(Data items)
§
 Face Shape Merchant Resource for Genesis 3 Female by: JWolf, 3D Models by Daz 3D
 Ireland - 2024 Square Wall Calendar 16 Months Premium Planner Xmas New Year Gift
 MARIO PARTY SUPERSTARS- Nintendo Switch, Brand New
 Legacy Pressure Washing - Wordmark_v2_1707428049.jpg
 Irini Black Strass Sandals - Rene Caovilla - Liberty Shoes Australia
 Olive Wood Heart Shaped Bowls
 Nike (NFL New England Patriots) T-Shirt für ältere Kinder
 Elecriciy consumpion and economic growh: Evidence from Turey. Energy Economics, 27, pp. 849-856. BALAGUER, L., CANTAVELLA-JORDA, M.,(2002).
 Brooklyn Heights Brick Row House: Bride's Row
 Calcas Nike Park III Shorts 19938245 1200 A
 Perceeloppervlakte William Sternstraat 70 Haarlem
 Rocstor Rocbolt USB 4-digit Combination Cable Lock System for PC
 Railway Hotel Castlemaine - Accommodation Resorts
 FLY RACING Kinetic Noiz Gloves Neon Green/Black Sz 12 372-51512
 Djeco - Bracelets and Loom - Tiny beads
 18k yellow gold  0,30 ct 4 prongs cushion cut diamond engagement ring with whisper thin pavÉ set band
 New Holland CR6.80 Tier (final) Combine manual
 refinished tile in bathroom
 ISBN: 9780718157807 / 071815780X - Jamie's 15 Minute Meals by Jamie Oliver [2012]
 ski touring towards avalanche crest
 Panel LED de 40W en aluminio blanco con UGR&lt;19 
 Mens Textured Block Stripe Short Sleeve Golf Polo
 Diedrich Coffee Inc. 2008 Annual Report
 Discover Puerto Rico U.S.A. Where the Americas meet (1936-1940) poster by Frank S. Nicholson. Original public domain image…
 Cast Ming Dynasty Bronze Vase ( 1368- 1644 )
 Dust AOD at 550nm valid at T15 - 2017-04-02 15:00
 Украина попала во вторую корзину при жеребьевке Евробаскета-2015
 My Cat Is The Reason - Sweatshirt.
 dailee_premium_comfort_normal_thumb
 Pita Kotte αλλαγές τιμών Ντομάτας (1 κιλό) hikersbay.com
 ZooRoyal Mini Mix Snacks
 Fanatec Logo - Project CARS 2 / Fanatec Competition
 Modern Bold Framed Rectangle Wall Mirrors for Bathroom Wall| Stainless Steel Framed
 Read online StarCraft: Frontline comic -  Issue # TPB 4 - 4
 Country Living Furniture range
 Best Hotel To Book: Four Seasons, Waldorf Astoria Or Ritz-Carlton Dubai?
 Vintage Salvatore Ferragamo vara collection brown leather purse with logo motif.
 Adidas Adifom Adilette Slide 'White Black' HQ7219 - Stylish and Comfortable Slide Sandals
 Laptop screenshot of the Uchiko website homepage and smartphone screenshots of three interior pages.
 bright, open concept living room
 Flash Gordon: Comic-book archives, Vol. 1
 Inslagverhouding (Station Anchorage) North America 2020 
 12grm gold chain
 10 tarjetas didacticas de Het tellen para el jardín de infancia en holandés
§
## [Aim of the exercise]
Collect from the data above every line that includes "Sandals".

## [Output for this exercise]
 Irini Black Strass Sandals - Rene Caovilla - Liberty Shoes Australia
 Adidas Adifom Adilette Slide 'White Black' HQ7219 - Stylish and Comfortable Slide Sandals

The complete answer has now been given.